DESCRIPTION OF THE TASK:
Exact copies of all the lines below are wanted, without a single picture.

DATA SECTION:
§

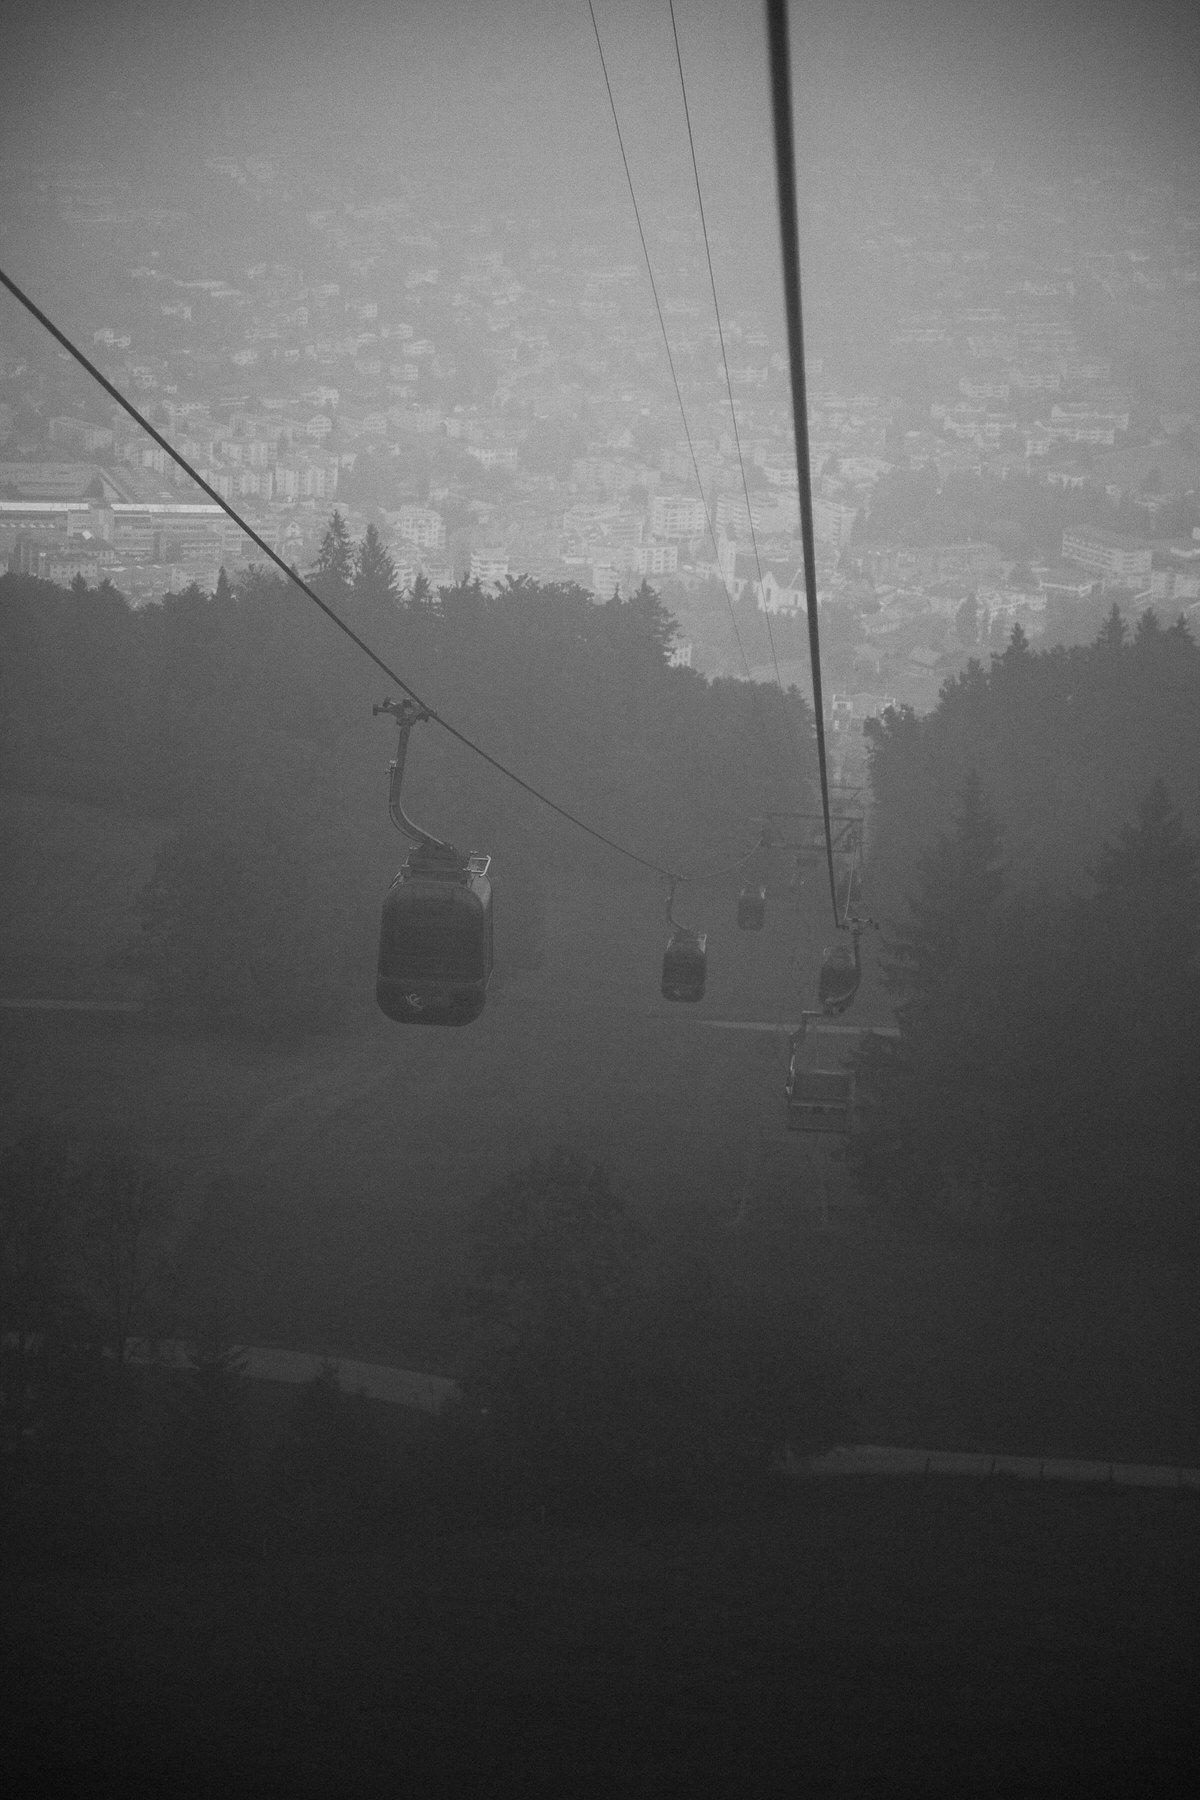 Mount_Pilatus_Lucerne_Switzerland-black-and-white-fine-art-photography-by-Studio-L-photographer-Laura-Schneider-_4419
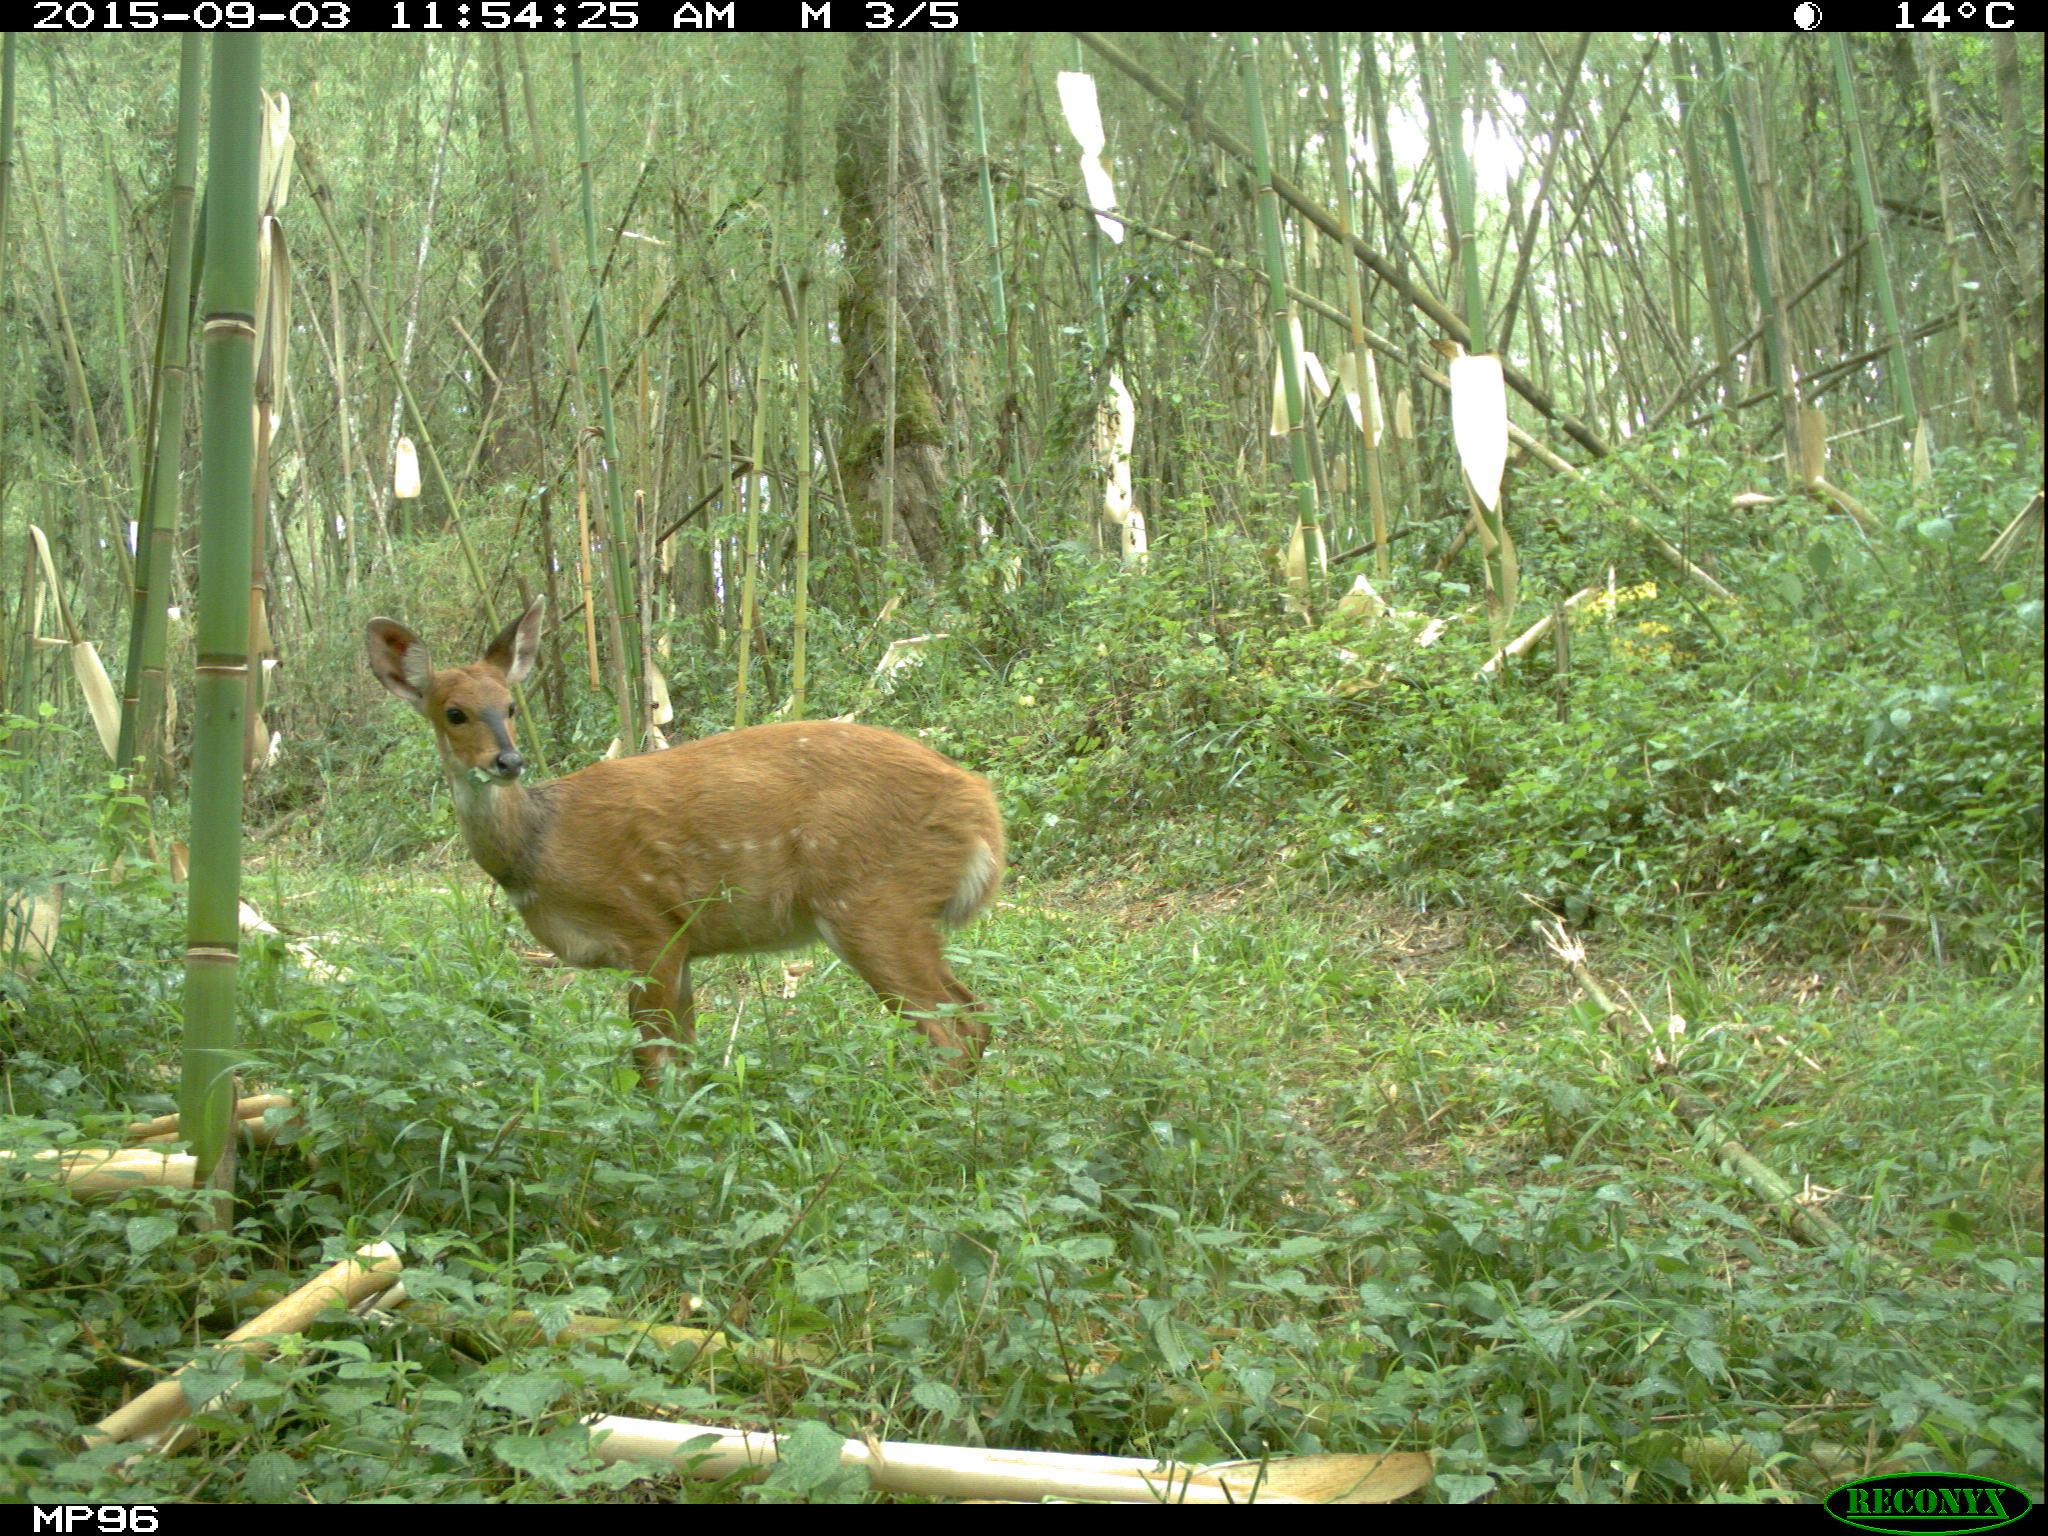 Bushbuck – A Striking Antelope
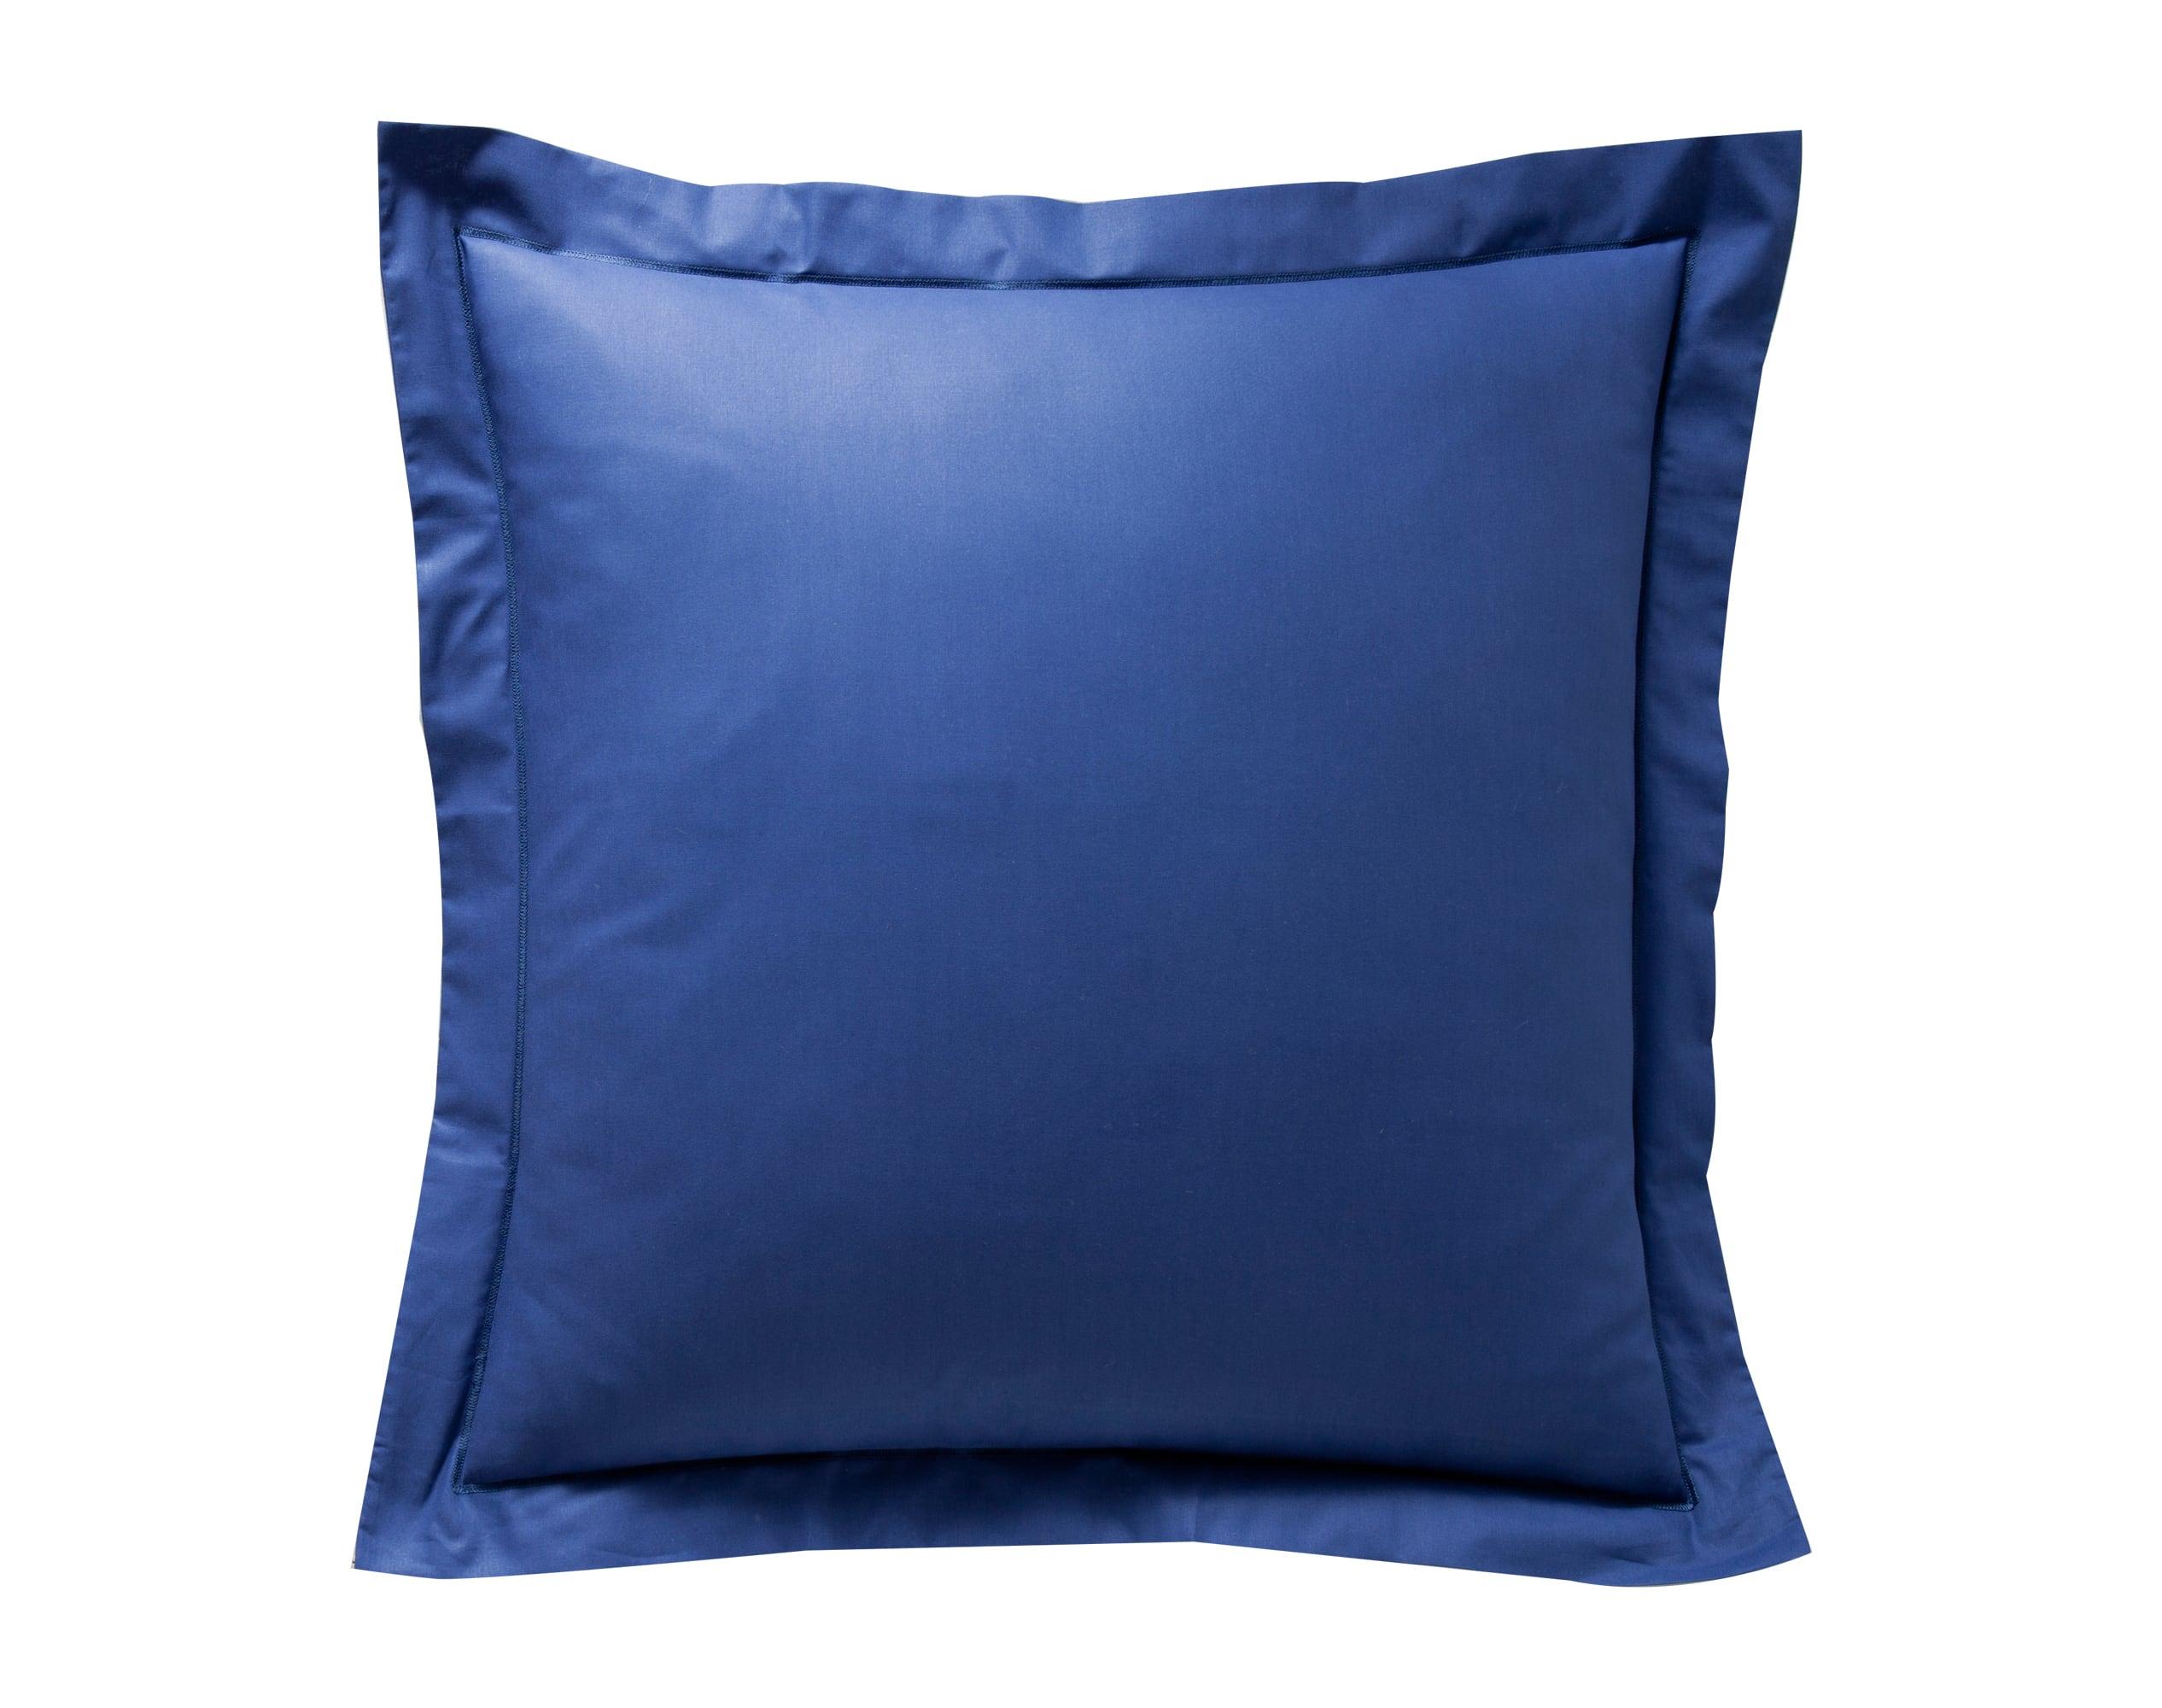 Taie d'oreiller 50x70 en coton bleu marine

§

RESULT OF THE EXERCISE:
 Mount_Pilatus_Lucerne_Switzerland-black-and-white-fine-art-photography-by-Studio-L-photographer-Laura-Schneider-_4419
 Bushbuck – A Striking Antelope
 Taie d'oreiller 50x70 en coton bleu marine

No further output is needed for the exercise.